- Born: 28 February 1805 Lausanne, Switzerland
- Died: 17 February 1878 (aged 72) Lausanne, Switzerland
- Occupations: Lawyer, prosecutor, law professor, politician

= François Guisan =

Swiss jurist and politician (1805–1878)

François Guisan (28 February 1805 – 17 February 1878) was a Swiss lawyer, jurist, and politician from Lausanne. He served as public prosecutor of the canton of Vaud, taught law at the Academy of Lausanne, and sat as a liberal deputy in the cantonal parliament.

== Biography ==

Guisan was the son of Louis Guisan, a lawyer, notary, judge, and deputy, and of Sophie Françoise Dapples. He married first, in 1834, Gabrielle Curchod (died 1837), and second Salomé Caroline (Lina) Wolff. He studied law in Lausanne and Paris and trained under Samuel Secrétan in Lausanne before becoming a lawyer.

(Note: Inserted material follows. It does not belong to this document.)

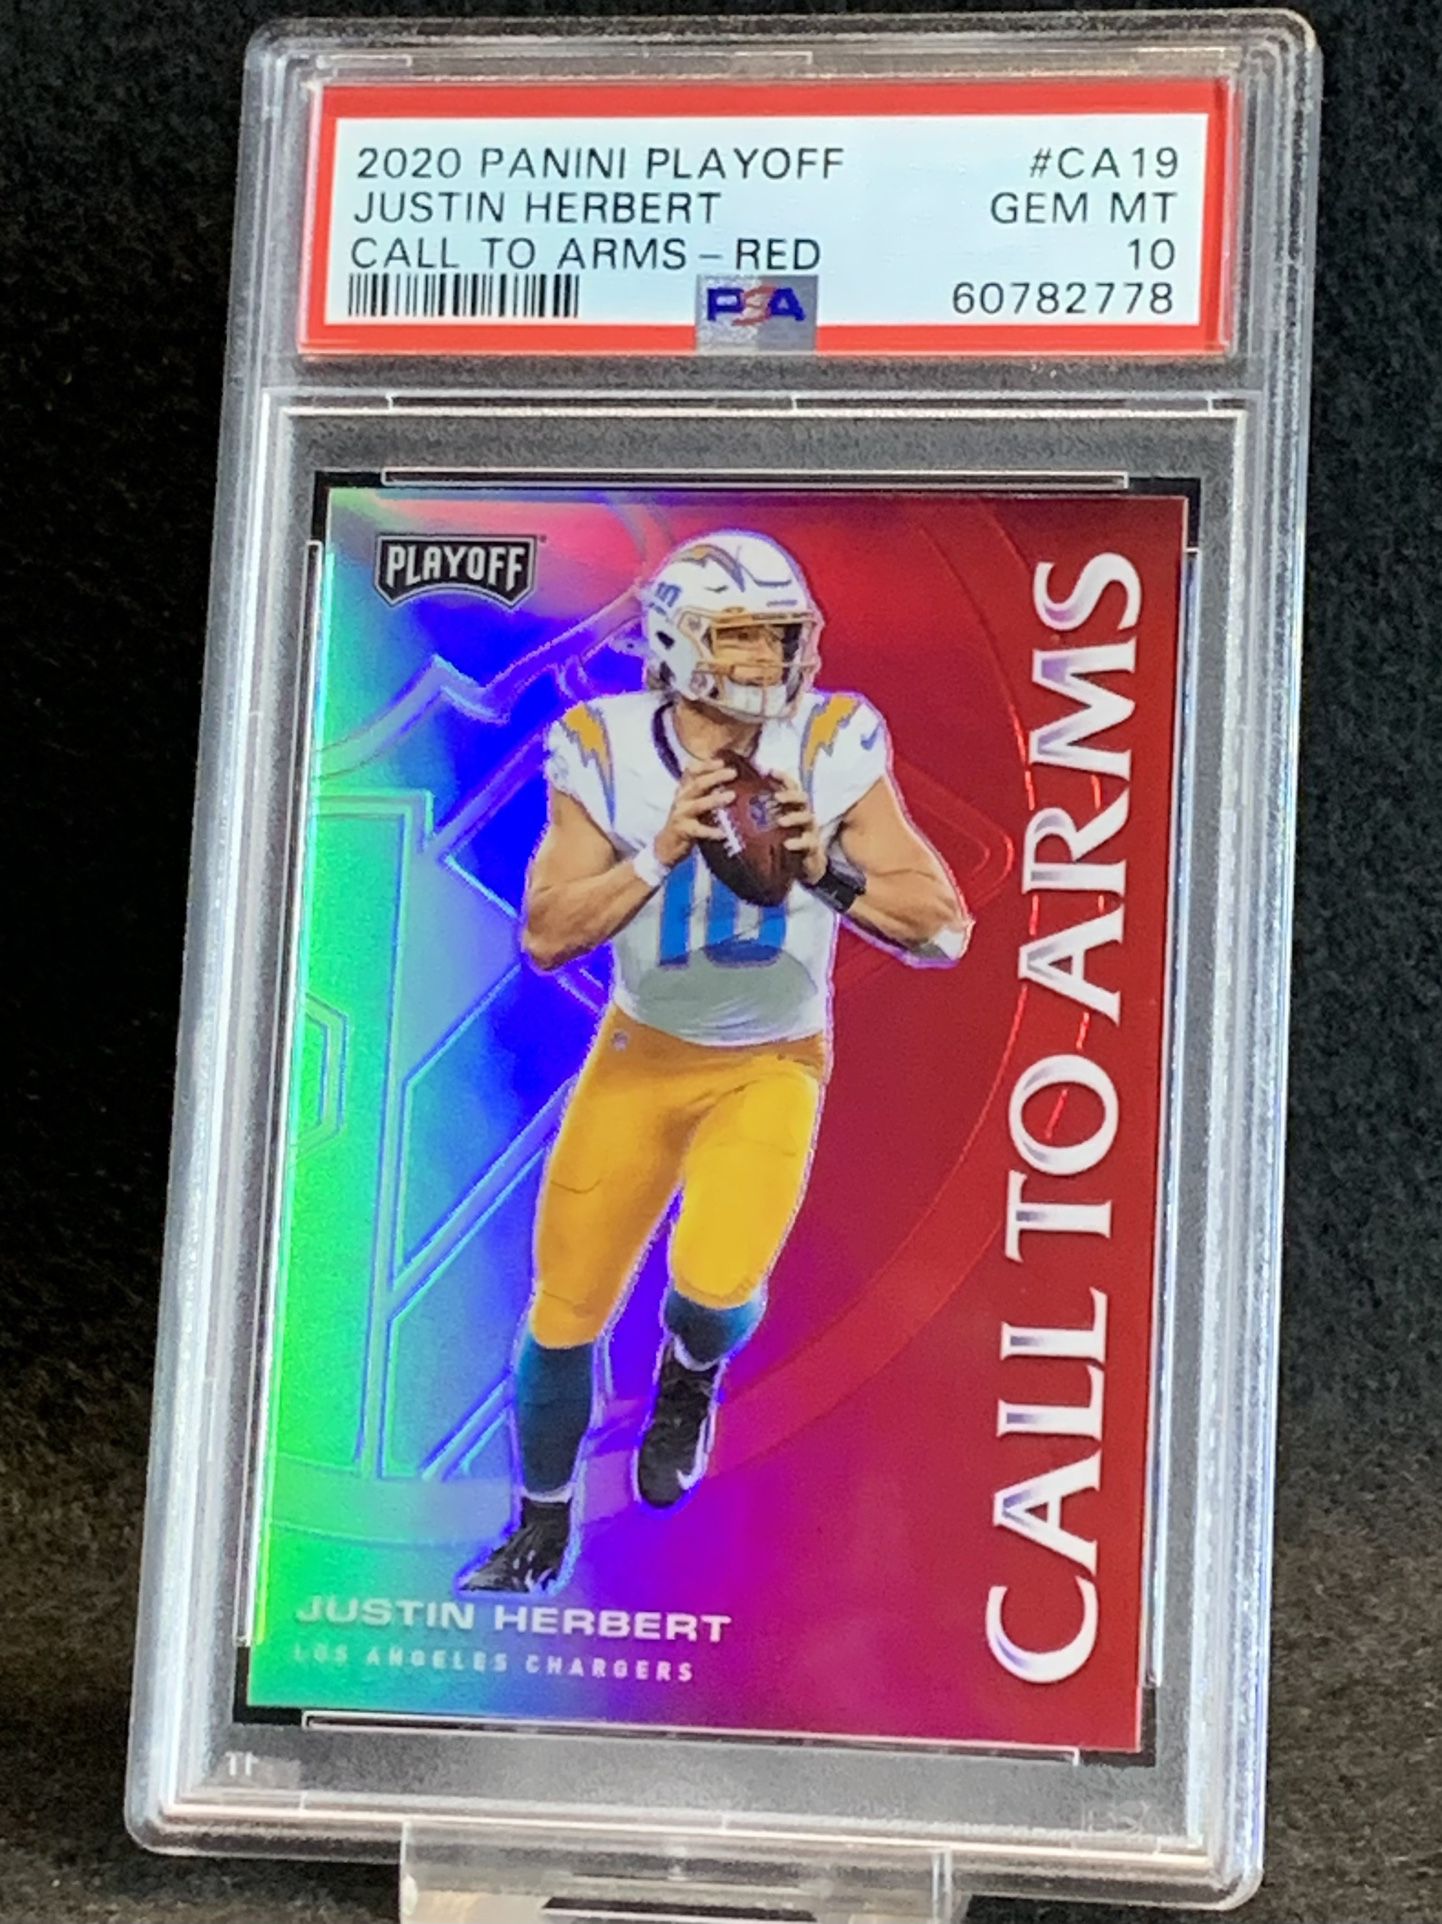 2020 Playoff ⚡️ Justin Herbert ⚡️ Call To Arms Rookie RED Prizm PSA 10 💎 Mint - Los Angeles Chargers

As chief public accuser and then attorney general (1832–1846), Guisan took an active part in the reorganization of the administration of criminal justice and the revision of the codes, before resigning in 1846. He then practiced as a lawyer in partnership with Edouard Secrétan. He was an assessor of the justice of the peace of Lausanne (1851–1863) and a professor of law at the Academy of Lausanne (1858–1878), teaching civil law from 1863, and served as rector (1864–1867).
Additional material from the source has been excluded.